(Dataset entries)
%%

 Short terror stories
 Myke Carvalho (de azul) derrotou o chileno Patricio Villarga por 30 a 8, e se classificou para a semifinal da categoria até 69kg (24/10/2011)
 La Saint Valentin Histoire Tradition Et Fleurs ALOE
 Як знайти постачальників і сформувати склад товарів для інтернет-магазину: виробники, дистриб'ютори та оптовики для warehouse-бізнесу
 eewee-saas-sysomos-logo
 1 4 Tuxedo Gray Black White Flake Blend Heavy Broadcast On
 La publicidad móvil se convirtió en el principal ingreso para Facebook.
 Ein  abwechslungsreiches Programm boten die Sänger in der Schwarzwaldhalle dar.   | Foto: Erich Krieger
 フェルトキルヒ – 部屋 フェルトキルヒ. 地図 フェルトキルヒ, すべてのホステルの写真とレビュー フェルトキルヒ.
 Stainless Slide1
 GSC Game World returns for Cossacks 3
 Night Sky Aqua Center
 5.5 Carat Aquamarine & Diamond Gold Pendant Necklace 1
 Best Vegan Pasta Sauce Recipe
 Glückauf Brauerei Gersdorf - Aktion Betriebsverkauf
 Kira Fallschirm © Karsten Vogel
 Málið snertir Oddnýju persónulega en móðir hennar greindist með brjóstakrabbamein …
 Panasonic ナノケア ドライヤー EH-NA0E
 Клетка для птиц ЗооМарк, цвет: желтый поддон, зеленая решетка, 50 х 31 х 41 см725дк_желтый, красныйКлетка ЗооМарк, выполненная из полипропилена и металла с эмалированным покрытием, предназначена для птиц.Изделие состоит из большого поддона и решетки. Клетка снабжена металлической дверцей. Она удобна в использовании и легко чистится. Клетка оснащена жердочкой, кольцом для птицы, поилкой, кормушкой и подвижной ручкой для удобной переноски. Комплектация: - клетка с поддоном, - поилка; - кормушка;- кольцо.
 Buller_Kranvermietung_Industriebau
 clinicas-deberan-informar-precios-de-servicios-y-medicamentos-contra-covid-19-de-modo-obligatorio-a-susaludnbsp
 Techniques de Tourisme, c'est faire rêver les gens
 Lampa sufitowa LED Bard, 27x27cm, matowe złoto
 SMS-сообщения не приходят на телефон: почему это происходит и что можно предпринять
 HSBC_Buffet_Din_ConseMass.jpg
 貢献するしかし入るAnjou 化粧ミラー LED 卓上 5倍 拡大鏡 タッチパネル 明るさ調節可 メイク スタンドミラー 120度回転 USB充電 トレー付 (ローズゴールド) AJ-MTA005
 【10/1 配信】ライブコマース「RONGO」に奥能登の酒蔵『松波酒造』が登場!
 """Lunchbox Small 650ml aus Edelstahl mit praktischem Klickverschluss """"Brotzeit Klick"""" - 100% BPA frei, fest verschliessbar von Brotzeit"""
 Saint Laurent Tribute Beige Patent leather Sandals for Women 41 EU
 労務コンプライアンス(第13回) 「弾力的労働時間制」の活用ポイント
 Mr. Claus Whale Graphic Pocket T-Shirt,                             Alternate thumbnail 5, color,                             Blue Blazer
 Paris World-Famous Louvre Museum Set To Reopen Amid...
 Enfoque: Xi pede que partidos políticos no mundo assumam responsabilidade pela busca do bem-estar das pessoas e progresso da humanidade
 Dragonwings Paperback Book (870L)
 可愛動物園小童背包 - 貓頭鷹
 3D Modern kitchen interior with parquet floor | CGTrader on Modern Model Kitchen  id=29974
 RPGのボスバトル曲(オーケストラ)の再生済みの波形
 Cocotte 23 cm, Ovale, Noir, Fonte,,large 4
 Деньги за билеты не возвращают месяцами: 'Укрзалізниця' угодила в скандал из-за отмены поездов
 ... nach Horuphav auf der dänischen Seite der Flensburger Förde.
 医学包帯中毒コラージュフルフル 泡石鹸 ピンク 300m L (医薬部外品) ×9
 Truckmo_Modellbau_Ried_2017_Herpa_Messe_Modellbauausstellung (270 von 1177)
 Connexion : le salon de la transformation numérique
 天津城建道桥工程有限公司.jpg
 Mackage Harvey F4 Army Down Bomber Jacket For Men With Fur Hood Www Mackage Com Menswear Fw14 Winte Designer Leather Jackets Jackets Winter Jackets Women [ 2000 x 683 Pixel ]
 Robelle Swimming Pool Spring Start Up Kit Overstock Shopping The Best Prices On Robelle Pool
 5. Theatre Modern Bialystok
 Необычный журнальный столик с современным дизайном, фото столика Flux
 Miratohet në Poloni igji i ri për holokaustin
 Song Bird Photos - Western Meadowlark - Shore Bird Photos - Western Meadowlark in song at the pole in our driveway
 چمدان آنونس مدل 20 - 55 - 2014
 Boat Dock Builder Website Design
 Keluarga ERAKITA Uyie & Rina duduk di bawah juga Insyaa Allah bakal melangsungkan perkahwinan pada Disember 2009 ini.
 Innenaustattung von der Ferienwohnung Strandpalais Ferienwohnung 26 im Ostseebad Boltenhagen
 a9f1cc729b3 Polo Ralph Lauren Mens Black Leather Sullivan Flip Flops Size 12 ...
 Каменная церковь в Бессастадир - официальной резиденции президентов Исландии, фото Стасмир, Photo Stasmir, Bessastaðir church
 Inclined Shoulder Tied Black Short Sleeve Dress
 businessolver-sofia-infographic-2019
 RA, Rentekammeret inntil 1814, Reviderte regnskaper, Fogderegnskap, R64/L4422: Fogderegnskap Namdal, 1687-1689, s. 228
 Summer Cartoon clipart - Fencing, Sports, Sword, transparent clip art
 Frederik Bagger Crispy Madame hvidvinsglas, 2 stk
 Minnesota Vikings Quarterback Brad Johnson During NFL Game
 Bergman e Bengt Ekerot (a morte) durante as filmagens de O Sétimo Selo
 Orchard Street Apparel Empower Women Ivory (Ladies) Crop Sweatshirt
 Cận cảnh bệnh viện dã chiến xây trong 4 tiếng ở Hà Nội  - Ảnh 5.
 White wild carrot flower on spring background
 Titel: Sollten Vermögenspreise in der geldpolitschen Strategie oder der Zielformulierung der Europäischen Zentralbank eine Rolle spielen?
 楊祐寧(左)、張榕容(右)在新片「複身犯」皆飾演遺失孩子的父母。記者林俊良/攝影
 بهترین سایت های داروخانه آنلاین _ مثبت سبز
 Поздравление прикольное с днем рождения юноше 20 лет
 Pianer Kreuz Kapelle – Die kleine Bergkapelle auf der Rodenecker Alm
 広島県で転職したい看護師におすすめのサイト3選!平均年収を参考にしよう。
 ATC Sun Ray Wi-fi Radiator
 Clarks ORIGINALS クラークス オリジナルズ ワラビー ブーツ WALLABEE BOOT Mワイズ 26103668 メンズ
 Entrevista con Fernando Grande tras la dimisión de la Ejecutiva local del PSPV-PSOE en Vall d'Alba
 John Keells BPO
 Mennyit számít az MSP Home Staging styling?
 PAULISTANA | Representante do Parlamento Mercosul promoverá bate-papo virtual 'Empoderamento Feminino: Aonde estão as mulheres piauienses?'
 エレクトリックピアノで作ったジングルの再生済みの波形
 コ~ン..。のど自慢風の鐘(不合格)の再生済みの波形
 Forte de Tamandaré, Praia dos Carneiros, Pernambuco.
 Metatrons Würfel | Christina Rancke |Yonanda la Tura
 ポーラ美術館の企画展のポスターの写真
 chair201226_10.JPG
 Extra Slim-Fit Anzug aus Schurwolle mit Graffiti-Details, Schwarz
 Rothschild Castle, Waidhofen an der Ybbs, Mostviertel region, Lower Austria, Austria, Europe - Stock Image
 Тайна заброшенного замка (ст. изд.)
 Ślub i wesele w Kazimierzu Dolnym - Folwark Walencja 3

%%

▸ Task item
Please set down again, word for word, only the lines from the start of the entries through the line with "フェルトキルヒ – 部屋", both ends included.

▸ Output
 Short terror stories
 Myke Carvalho (de azul) derrotou o chileno Patricio Villarga por 30 a 8, e se classificou para a semifinal da categoria até 69kg (24/10/2011)
 La Saint Valentin Histoire Tradition Et Fleurs ALOE
 Як знайти постачальників і сформувати склад товарів для інтернет-магазину: виробники, дистриб'ютори та оптовики для warehouse-бізнесу
 eewee-saas-sysomos-logo
 1 4 Tuxedo Gray Black White Flake Blend Heavy Broadcast On
 La publicidad móvil se convirtió en el principal ingreso para Facebook.
 Ein  abwechslungsreiches Programm boten die Sänger in der Schwarzwaldhalle dar.   | Foto: Erich Krieger
 フェルトキルヒ – 部屋 フェルトキルヒ. 地図 フェルトキルヒ, すべてのホステルの写真とレビュー フェルトキルヒ.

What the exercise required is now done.